I have a tip type W8 Passat sedan and am trying to figure out the proper 1be part numbers for springs and shocks. do you just transpose the 1be over your number found in the trunk? or is there some method to get the correct part #? thanks


----------



## Maurizio (Jul 15, 2004)

*Re: 1be for W8 ? (AkAl)*

AkAl, Sorry no one has responded yet. I'm not really sure what you are referencing.
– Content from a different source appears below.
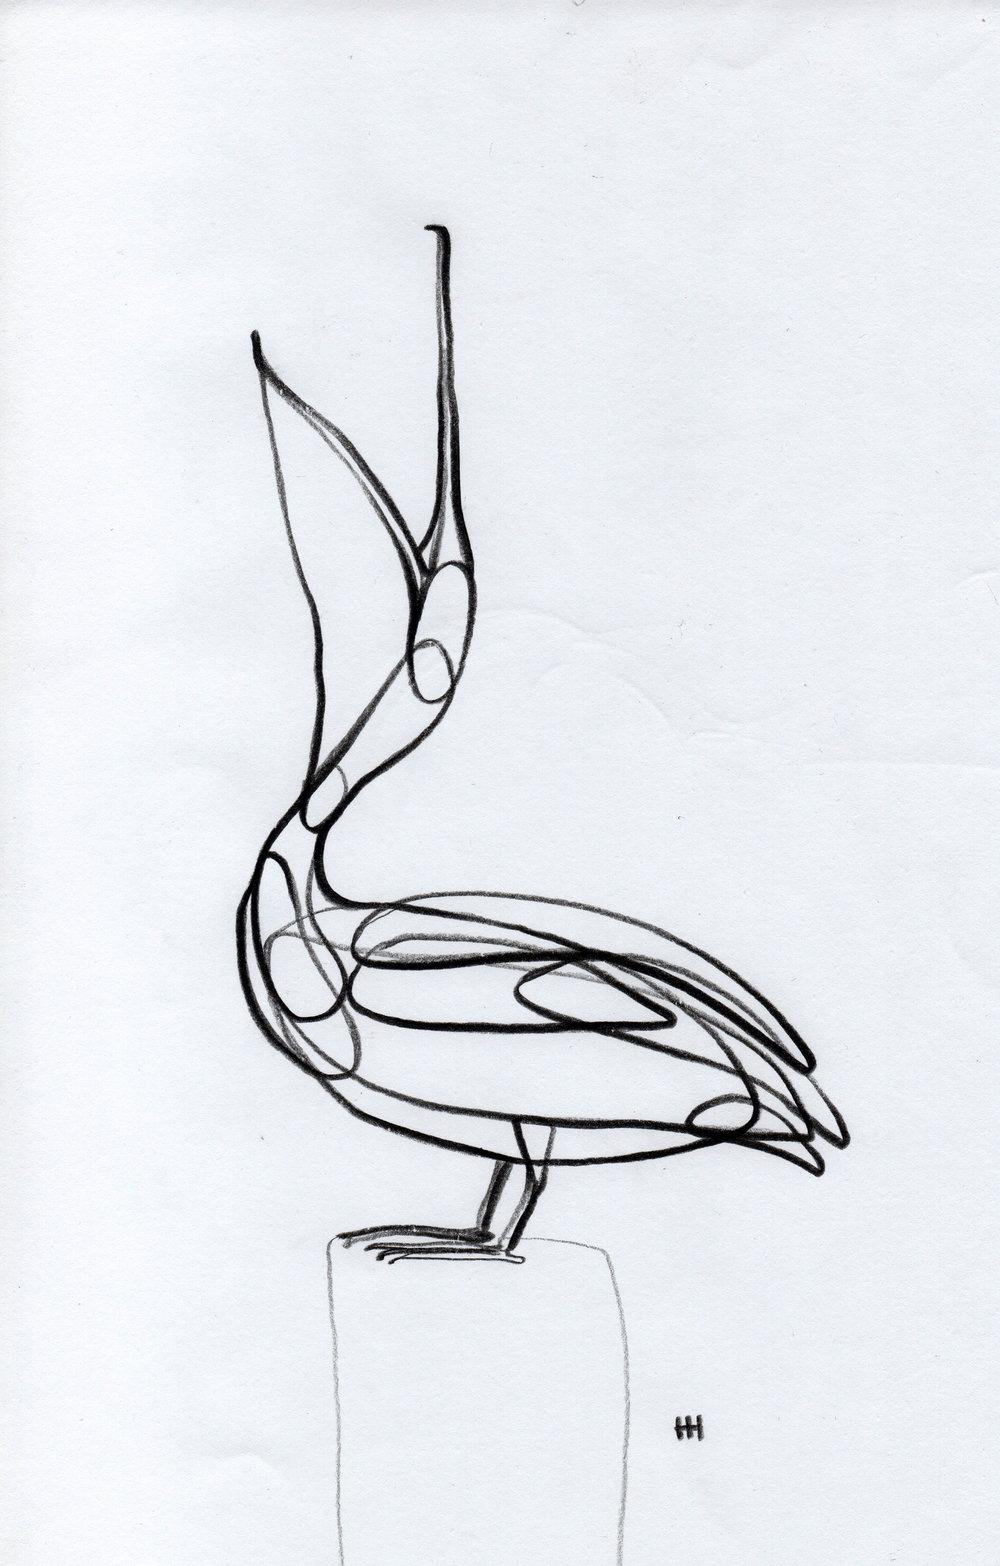 PticyLinejnye_0 11.jpg

If you have access to, or contact with a dealer, could you not ask them what the stock part numbers are - and then proceed from there?


----------



## AkAl (Sep 10, 2004)

*Re: 1be for W8 ? (Maurizio)*

the 1be springs are the VW sport springs for the W8 they only drop about 1" but provide much better performance. the problem is there are about 4 different # on etka. thanks for your concern!


----------



## xtremevdub (Jun 26, 2004)

*Re: 1be for W8 ? (AkAl)*


_Quote, originally posted by *AkAl* »_the 1be springs are the VW sport springs for the W8 they only drop about 1" but provide much better performance. the problem is there are about 4 different # *on etka*. thanks for your concern!

Was gonna help you, but i also have Etka..


----------